Most important part of information gathering is to focus on how people think. There are so many opinion resources such as online review sites and personal blogs are available. In this paper we focused on the Twitter. Twitter allow user to express his opinion on variety of entities. We performed sentiment analysis on tweets using Text Mining methods such as Lexicon and Machine Learning Approach. We performed Sentiment Analysis in two steps, first by searching the polarity words from the pool of words that are already predefined in lexicon dictionary and in Second step training the machine learning algorithm using polarities given in the first step.
Introduction
I. INTRODUCTION
Social Media such as Twitter, Facebook, Blogs are become important tools where user willing to share their important sentiments on different topics. With this kind of platforms various opportunities and challenges arise to actively use various techniques to extract and understand the sentiments of others. Sentiment Analysis of twitter data has many usages like review of customer towards movie, product, services and application. Opinion mining of tweets includes the classification of tweets as Positive, Negative or Neutral.

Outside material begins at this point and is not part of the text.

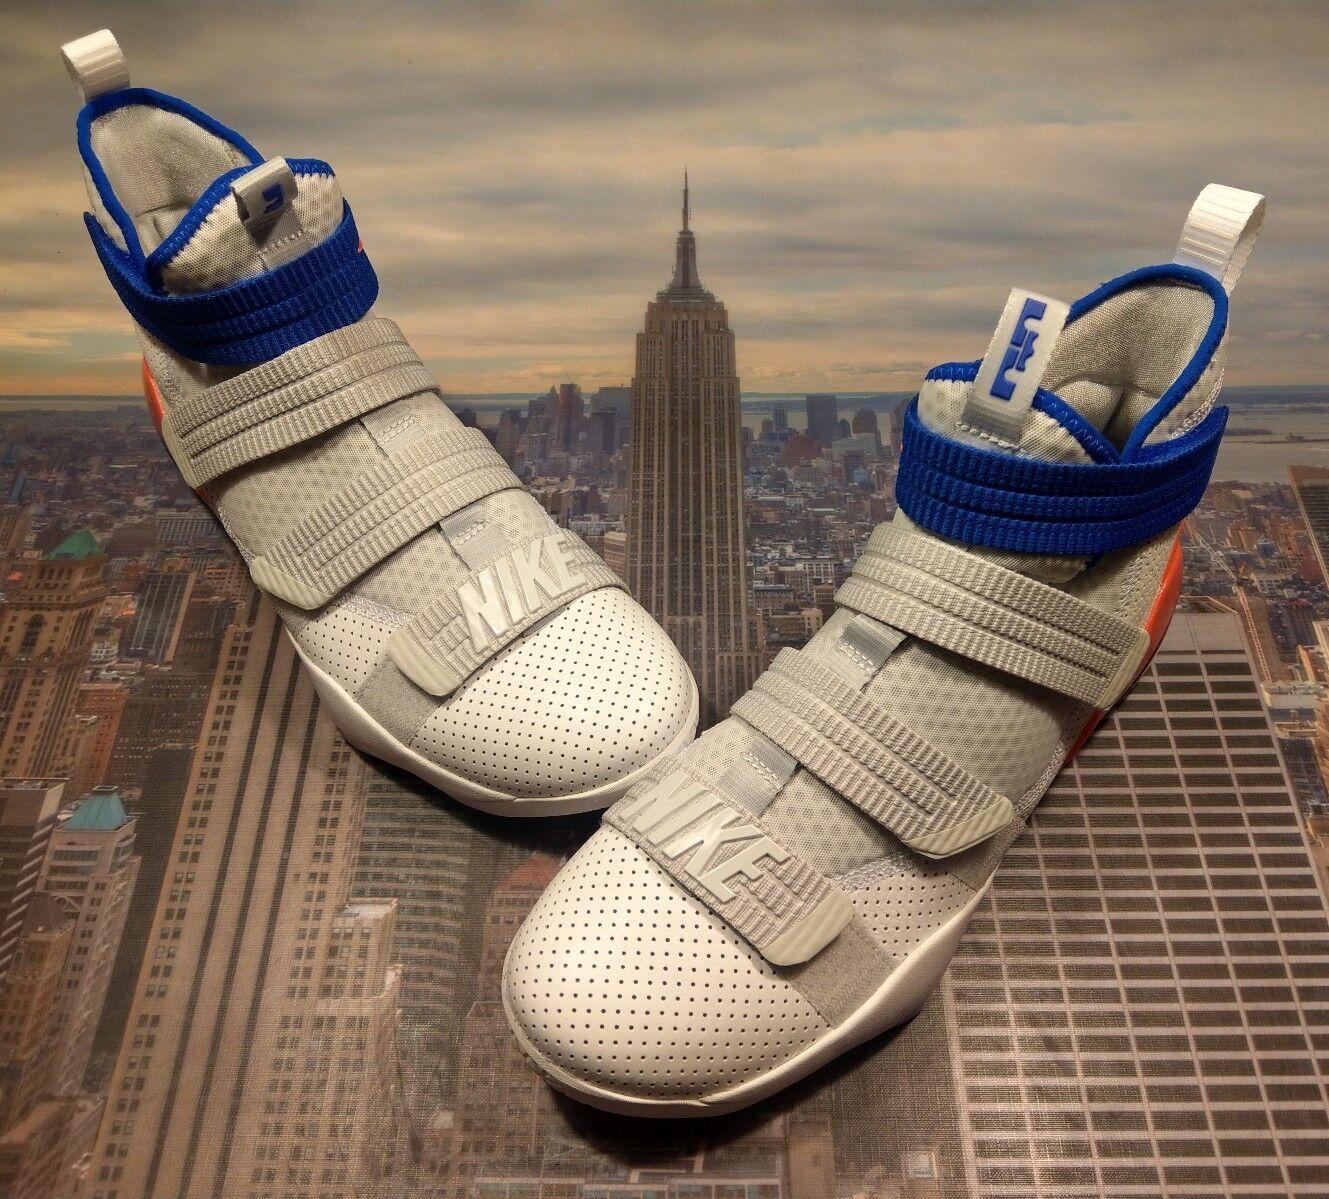 Nike LeBron Soldier XI 11 Size SFG Ultramarine White/Racer Blue Size 11 14 897646 101 d98c68
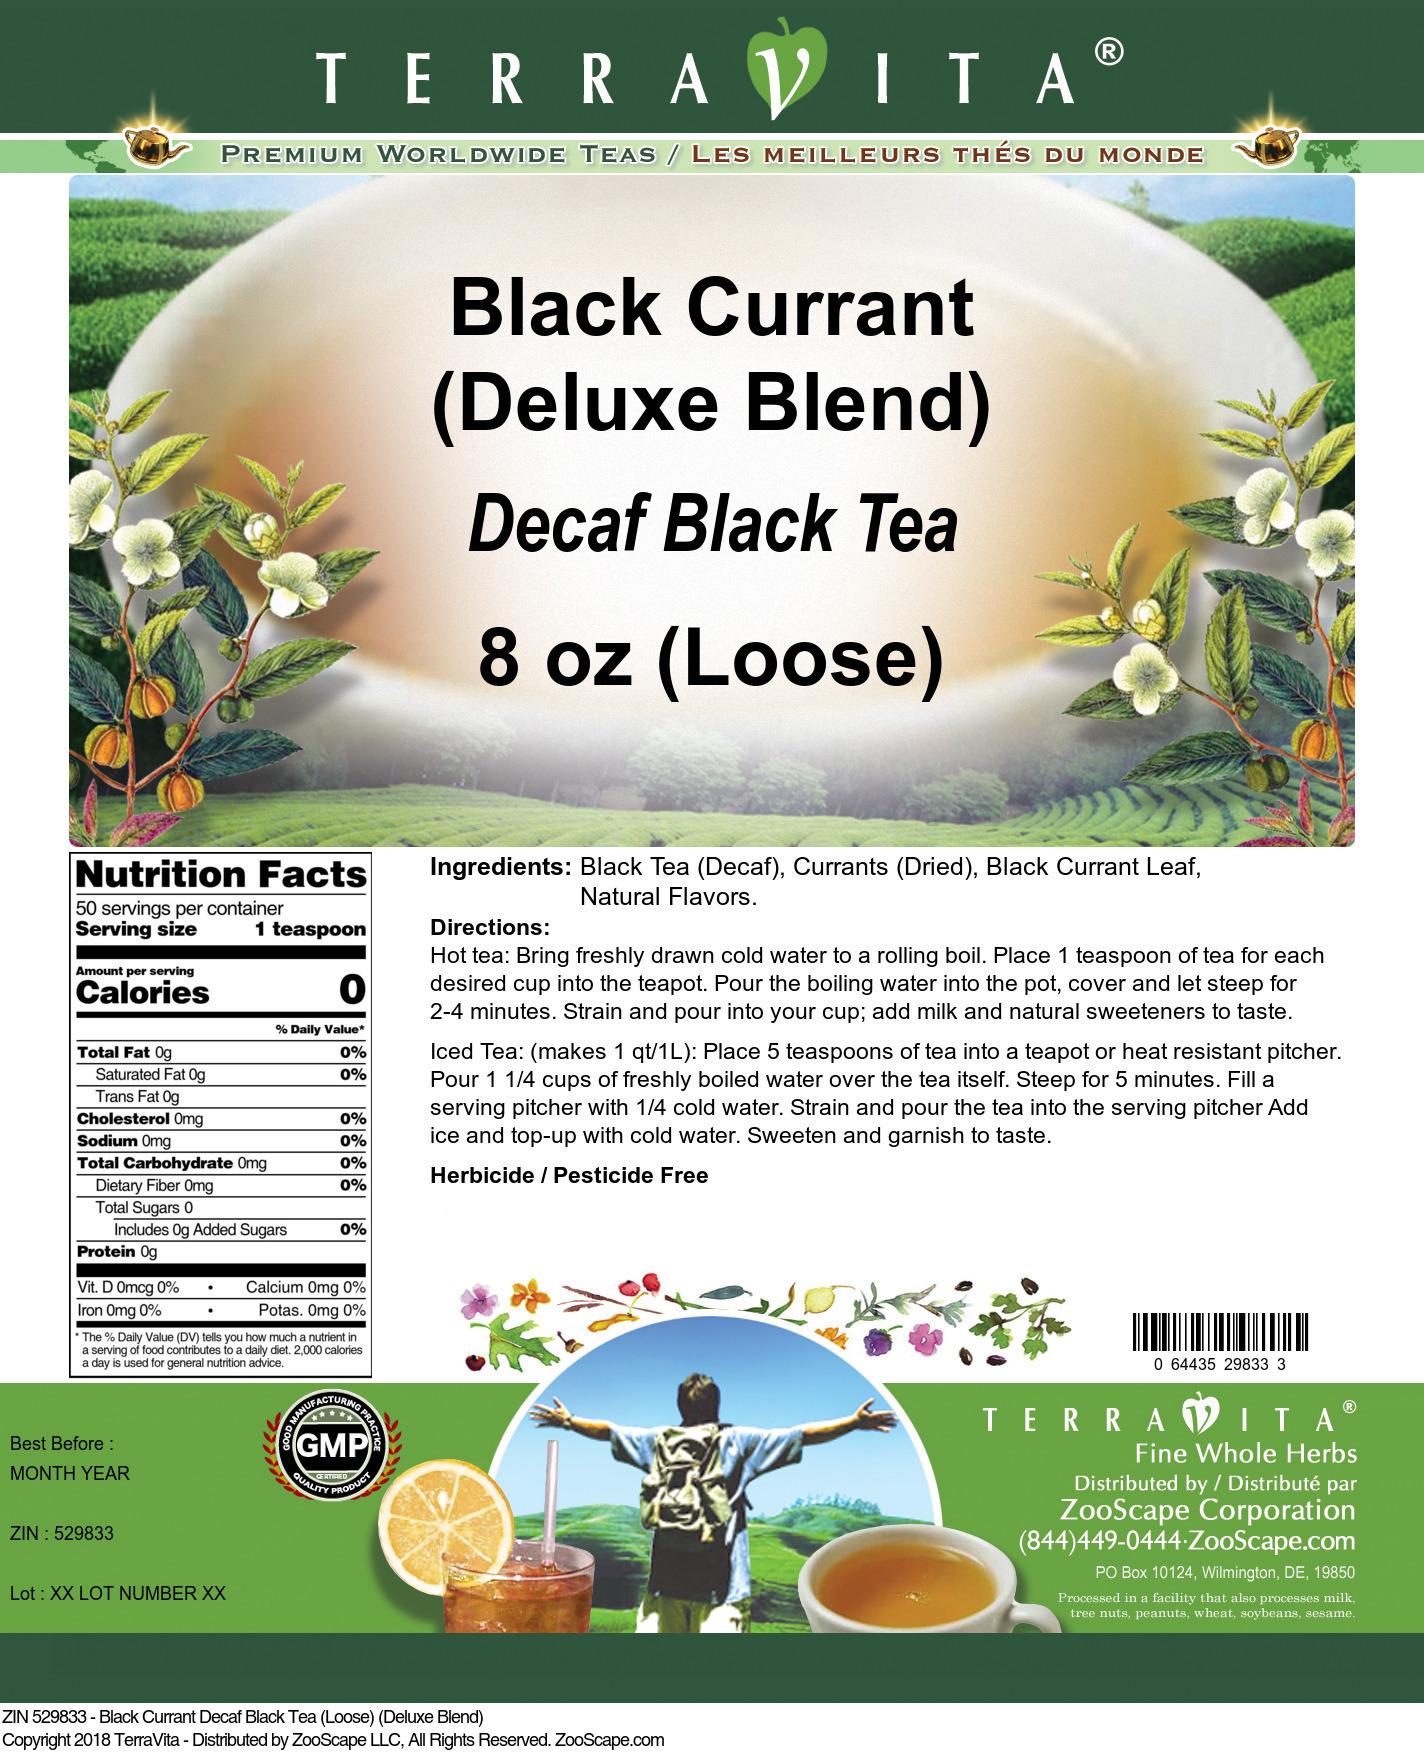 Black Currant Decaf Black Tea (Loose) (Deluxe Blend)

Lexicon Based Sentiment Analysis based on the presence of certain word in document. Lexicon contains features including the part of speech tagging of word, their sentiment values, subjectivity of word etc. The Sentiment Analysis of tweets are annotate using this features provided by these lexicons. Values are tagged against each word separately. Using that we can obtain polarity of whole tweet by averaging the sentiment values of words. The Machine Learning based Sentiment Analysis technique is a model by training the classifier with labeled examples. First we require to gather a dataset with positive, negative and neutral classes, extract the features/words from that dataset & then train the algorithm based on the examples. This is most easy method for sentiment analysis. We are using both these approaches Lexicon Based Approach and Machine Learning Approach. We are showing the result of sentiment analysis by combining these two approaches. Usually Lexicon based approach perform entity level sentiment analysis and it gives high precision but low recall. To improve the performance measurements such as Recall, F-Score, Accuracy. Machine learning algorithm is train using the polarity given by lexicon based approach. Our hypothesis is that the accuracy given by such approach is get increase with increase in size of training data.
II. LITERATURE REVIEW
The aim of system is to classify the twitter messages as positive, negative or neutral. For this we use two approaches: Lexicon based approach and Machine Learning approach.Lexicon based approach includes performing the sentiment analysis at document and sentence level by searching polarity of word from predefined word list.[1,2,3,4] determine polarity of sentence using predefined dictionary. Examples of such a Lexicon dictionaries are MPQA [5] and SentiWordNet 3.0 [6] Machine Learning approach includes the three algorithms 1) Maximum Entropy, 2) Support Vector Machine (SVM), 3) Naïve Bayes (NB). This includes the training the classification algorithm [7]. In this paper we are using combination of both approaches, it also called Hybrid approach. Normally combinations of both are used for subjectivity classification and then apply it to the learning algorithm [8]. Similar approach used in [9], which classify sentence in only two classes positive & negative, no neutral class it creates problem. [10] Uses same approach with different features. In [13] lexicon and machine learning approaches are combine. But they use different sentiment analysis methods. These are different than our approach; we first preprocess the data to remove unwanted data from it. Then we perform polarity detection using Lexicon dictionary and then apply this result to the Learning algorithm.
III. PROPOSED SYSTEM
Following figure 1 shows the workflow of the proposed system. Data acquisition is carried through the Twitter API. Twitter API allow user to interact to with its data i.e. tweets. User can download these tweets by creating twitter API. User request to API for the data and it returns data according to the query enter by user. The twitter data contain noisy data such as RT for Retweets, ‘#’ hashtags for filtering tweets according to the topic, @usernames, external web links, and emoticons. The task of preprocessing removes all noisy data, so that data will be clean and it is easy to perform operations on clean data.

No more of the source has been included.